The ‘antique’ design of both the armchairs and the side chairs and stools reflecting both classical antiquity and in the case of the fluted legs to the chairs and stools the renaissance taste, would have appealed greatly to Beckford’s sensibilities. The ebonised surface of this furniture would have been in keeping with the oriental lacquer and earlier pieces of ebony furniture Beckford is known to have collected which we now know originally emanated from the Coromandel Coast of India or Batavia some of which is illustrated in situ in John Britton’s Graphical and Literary Illustrations of Fonthill Abbey of 1823. Such pieces were highly prized by the bibliophile collectors of this period, attracted by their early origins (see Sotheby’s London, 3 May 2018, lot 130 for a pair of ebony cabinets which were possibly at Fonthill).

Whether this seat furniture was originally commissioned by Beckford and with every possibility designed by him, for Fonthill or Lansdown Tower is open to conjecture. What makes them so important however, in the history of English furniture, is the design, an early example of the antiquarian taste, a precursor to the more widely adopted historicism that was to pervade furniture design more prevalently in the nineteenth century.

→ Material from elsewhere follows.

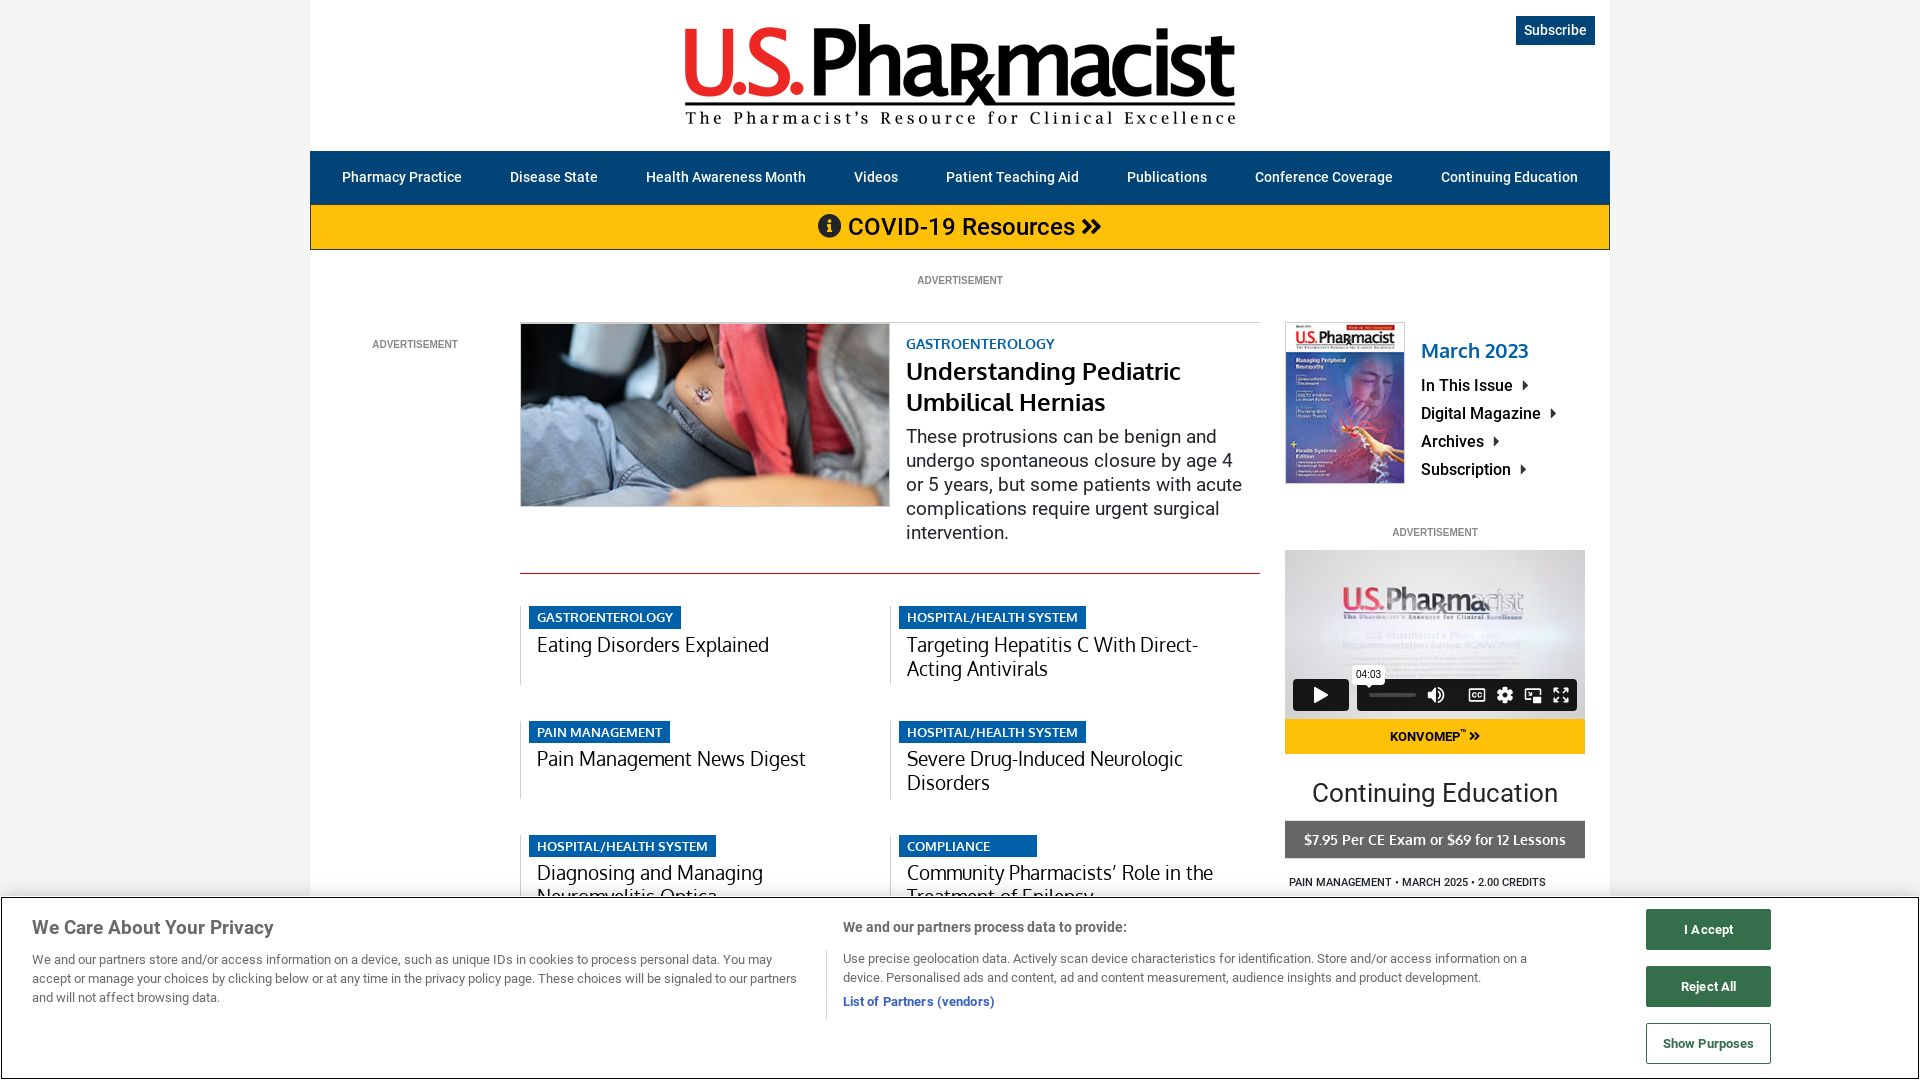 Website status uspharmacist.com is   ONLINE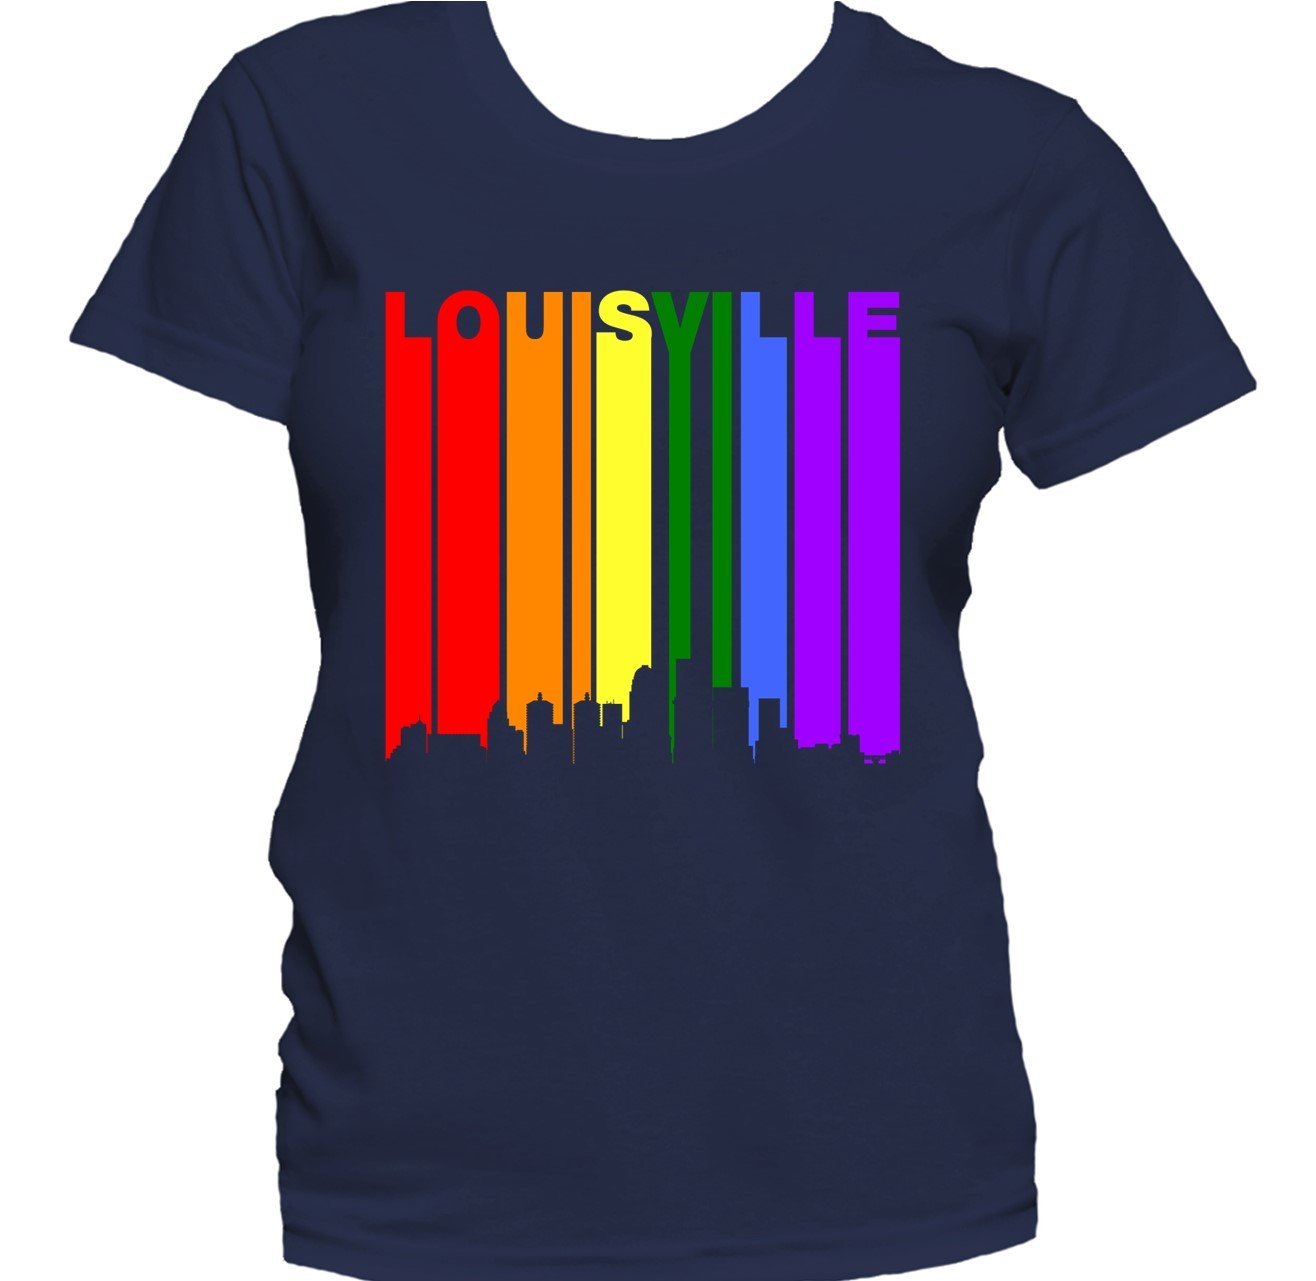 Lou KY T-shirt

The group truly demonstrates the sophisticated taste of one of England’s most celebrated connoisseur collectors, a visionary and a gentleman responsible in part for a revival that was to dominate rest of that century.

Following Beckford’s death in 1844, this group of furniture passed to his daughter and son-in-law, Alexander, 10th Duke of Hamilton (1767-1852) who, like Beckford, was a passionate collector. He often vied with his father-in-law over purchases and it serves as a further testament to Beckford’s taste that these were amongst the possessions that the Duke added to his collection.